For 15$ month you are paying $180/year, and own nothing. Just the ability to pay more.


----------



## difalkner (Jan 3, 2012)

Roger Webb does Carveco demo videos on his channel and I just noticed he has a discount code that gets an additional 5% off the current sale prices. The code is ROGERWEBB5 and it is good through December 6th.

David


----------



## difalkner (Jan 3, 2012)

gkas said:


> For 15$ month you are paying $180/year, and own nothing. Just the ability to pay more.


Not uncommon for software these days.

David


----------



## UglySign (Nov 17, 2015)

difalkner said:


> Not uncommon for software these days. David


Enroute 6 is now full subscription. Use to be $6k for full version and the upgrades were 1/2

For those that bought Carveco saved a good coin :grin:
Wonder what 2.0 will cost now that its $8k.


----------



## Graham Prinn (Oct 29, 2019)

Maker looks promising for me, I do most of my 3d modeling in 3d modeling programs any way, zbrush, silo, blender and such so I don't really need the modeling part. couldn't find out what model formats can be imported though. Would be great for my intarsia inlays. $15.00 a month not that bad, crap a pack of smokes cost me almost that every 2 days.


----------



## BalloonEngineer (Mar 27, 2009)

Graham Prinn said:


> couldn't find out what model formats can be imported though.

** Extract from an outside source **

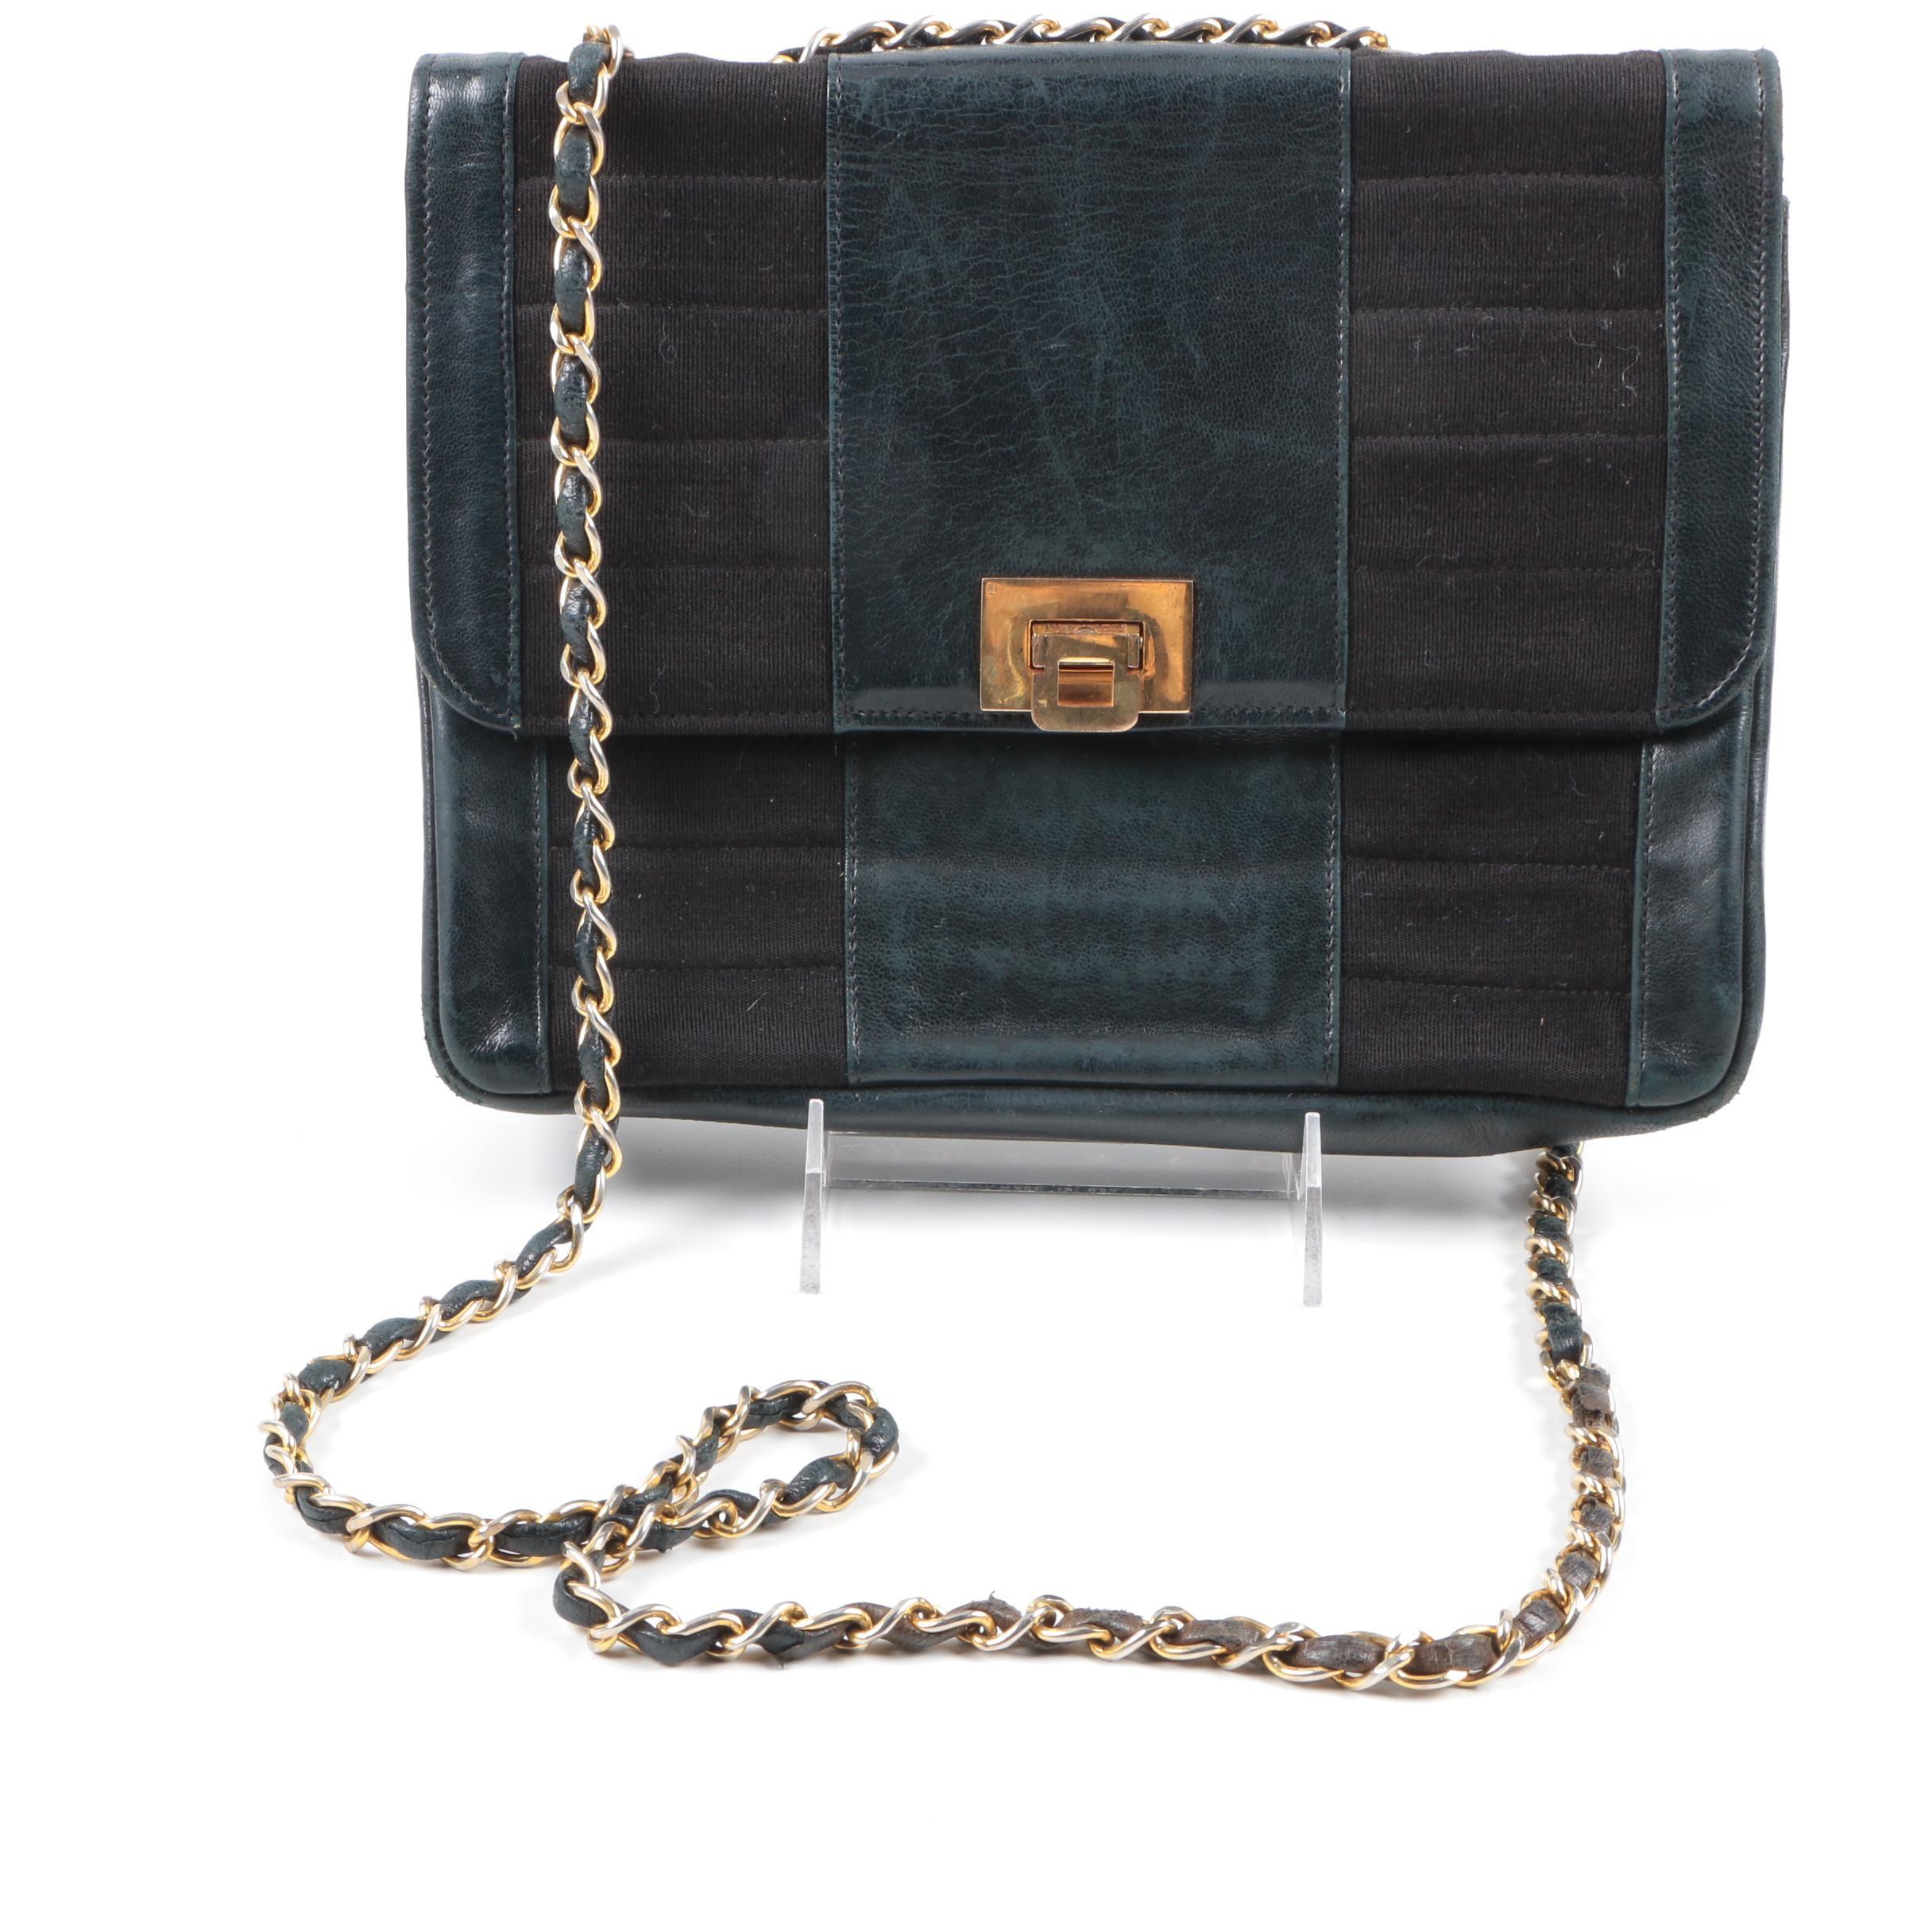 Circa 1980's Chanel Pleated Flap Handbag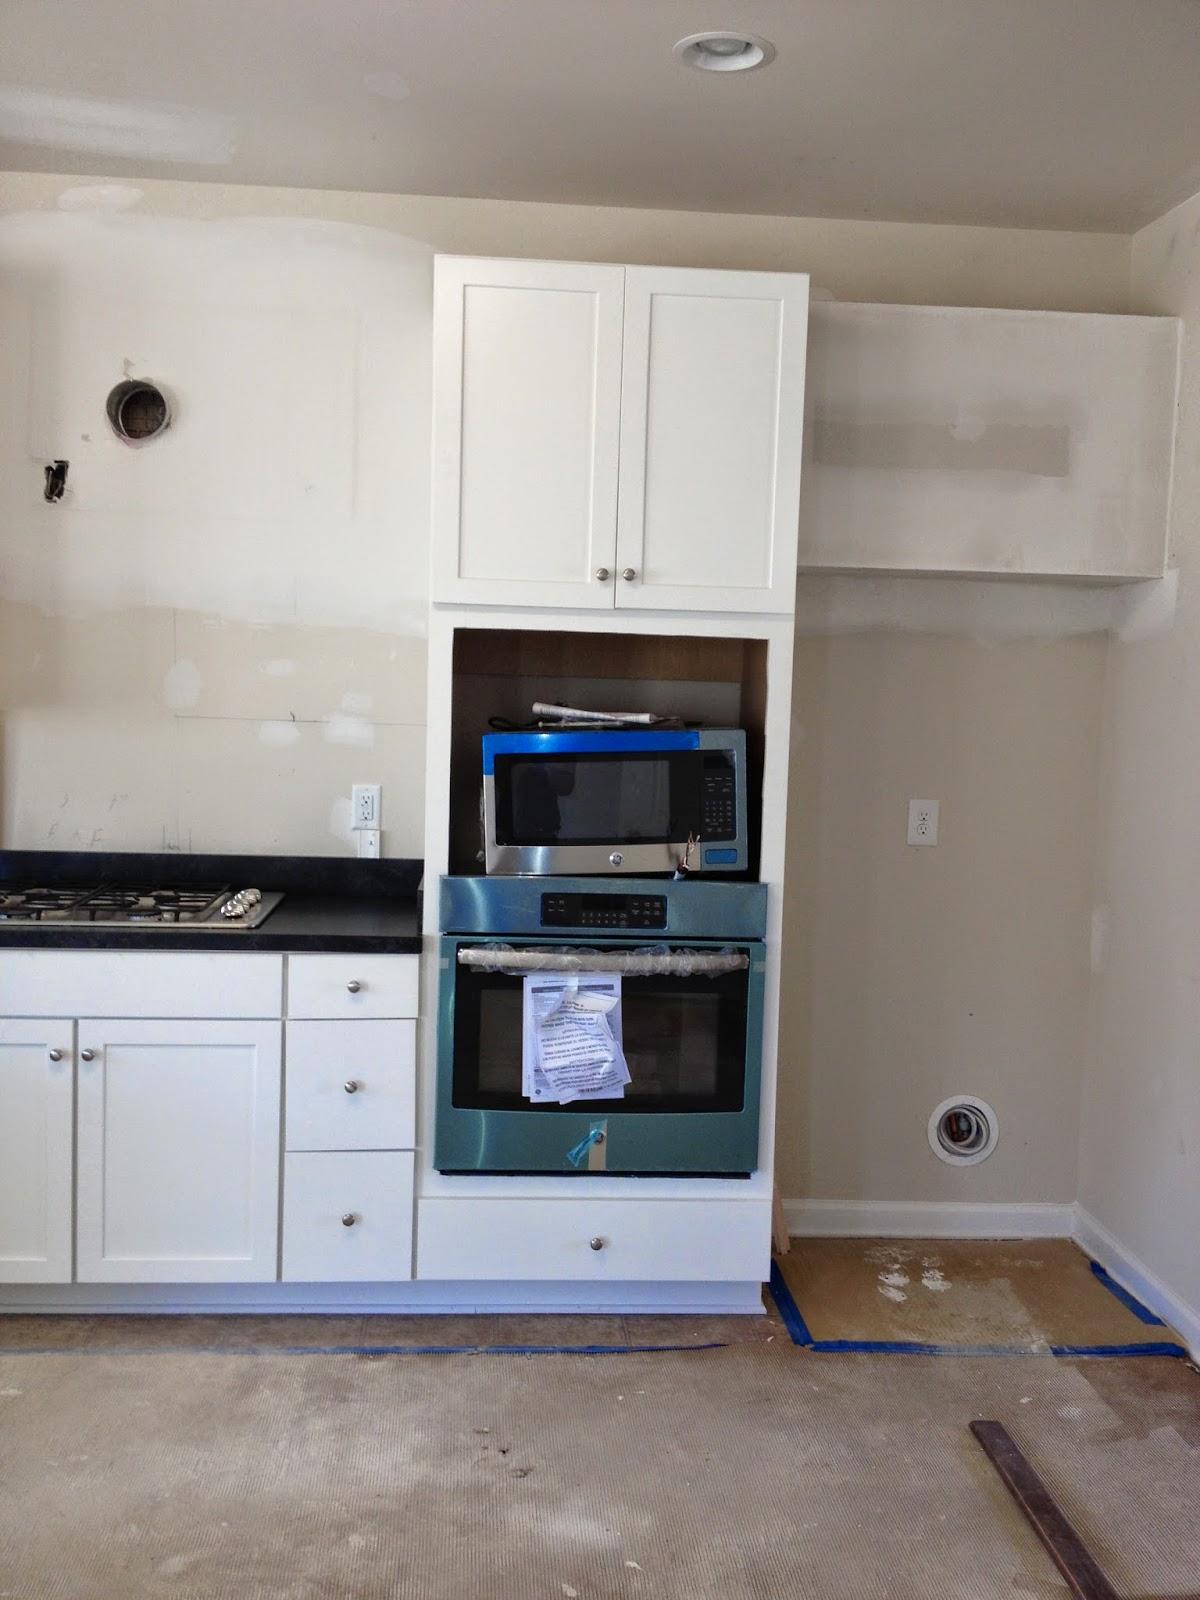 img cabinet above january fridge pinteresting our family

At the bottom of the product comparison page there is a table of supported file types

https://carveco.com/software-range/product-comparison/

Click on the “RELIEF AND MODEL FILES” and “MESH FILES” tabs.


----------



## Graham Prinn (Oct 29, 2019)

Thank you, I did eventually find, I use mostly obj files and that is supported so I just might give it a shot.


----------



## Cncest (Apr 26, 2020)

Still too expensive for just a hobby. I'll stick with Artcam.


----------